(Items from a data source)
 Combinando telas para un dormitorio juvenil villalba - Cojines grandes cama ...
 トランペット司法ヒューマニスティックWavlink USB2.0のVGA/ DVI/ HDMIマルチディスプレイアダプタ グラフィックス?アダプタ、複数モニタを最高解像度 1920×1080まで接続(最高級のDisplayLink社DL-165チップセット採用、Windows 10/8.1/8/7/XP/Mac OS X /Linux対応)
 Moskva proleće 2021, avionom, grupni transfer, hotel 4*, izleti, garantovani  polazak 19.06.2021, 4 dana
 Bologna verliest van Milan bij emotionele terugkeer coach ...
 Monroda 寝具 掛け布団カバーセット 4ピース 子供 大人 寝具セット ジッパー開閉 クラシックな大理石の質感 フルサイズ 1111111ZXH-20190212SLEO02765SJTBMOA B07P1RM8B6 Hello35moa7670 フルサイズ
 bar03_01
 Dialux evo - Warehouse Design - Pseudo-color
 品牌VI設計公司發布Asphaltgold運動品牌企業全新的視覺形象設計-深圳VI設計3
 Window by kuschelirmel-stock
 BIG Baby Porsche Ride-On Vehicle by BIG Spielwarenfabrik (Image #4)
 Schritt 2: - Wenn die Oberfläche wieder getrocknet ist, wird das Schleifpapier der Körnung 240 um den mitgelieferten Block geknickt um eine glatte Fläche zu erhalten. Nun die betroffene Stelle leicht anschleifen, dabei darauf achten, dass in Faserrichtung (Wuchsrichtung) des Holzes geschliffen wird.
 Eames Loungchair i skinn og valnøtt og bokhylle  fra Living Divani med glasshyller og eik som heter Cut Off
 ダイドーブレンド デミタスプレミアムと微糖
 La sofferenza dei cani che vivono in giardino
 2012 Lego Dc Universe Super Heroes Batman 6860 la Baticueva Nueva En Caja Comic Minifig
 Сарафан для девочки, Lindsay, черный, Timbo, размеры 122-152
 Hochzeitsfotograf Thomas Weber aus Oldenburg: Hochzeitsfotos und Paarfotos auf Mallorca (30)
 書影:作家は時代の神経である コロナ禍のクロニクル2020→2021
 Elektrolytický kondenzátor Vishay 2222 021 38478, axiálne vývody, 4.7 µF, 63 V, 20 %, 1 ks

■ **EXERCISE OBJECTIVE**:
Could you retype exactly the lines from the first one of the records through the line containing "Schritt 2: - Wenn", both included, and nothing more?

■ **WRITTEN SOLUTION**:
 Combinando telas para un dormitorio juvenil villalba - Cojines grandes cama ...
 トランペット司法ヒューマニスティックWavlink USB2.0のVGA/ DVI/ HDMIマルチディスプレイアダプタ グラフィックス?アダプタ、複数モニタを最高解像度 1920×1080まで接続(最高級のDisplayLink社DL-165チップセット採用、Windows 10/8.1/8/7/XP/Mac OS X /Linux対応)
 Moskva proleće 2021, avionom, grupni transfer, hotel 4*, izleti, garantovani  polazak 19.06.2021, 4 dana
 Bologna verliest van Milan bij emotionele terugkeer coach ...
 Monroda 寝具 掛け布団カバーセット 4ピース 子供 大人 寝具セット ジッパー開閉 クラシックな大理石の質感 フルサイズ 1111111ZXH-20190212SLEO02765SJTBMOA B07P1RM8B6 Hello35moa7670 フルサイズ
 bar03_01
 Dialux evo - Warehouse Design - Pseudo-color
 品牌VI設計公司發布Asphaltgold運動品牌企業全新的視覺形象設計-深圳VI設計3
 Window by kuschelirmel-stock
 BIG Baby Porsche Ride-On Vehicle by BIG Spielwarenfabrik (Image #4)
 Schritt 2: - Wenn die Oberfläche wieder getrocknet ist, wird das Schleifpapier der Körnung 240 um den mitgelieferten Block geknickt um eine glatte Fläche zu erhalten. Nun die betroffene Stelle leicht anschleifen, dabei darauf achten, dass in Faserrichtung (Wuchsrichtung) des Holzes geschliffen wird.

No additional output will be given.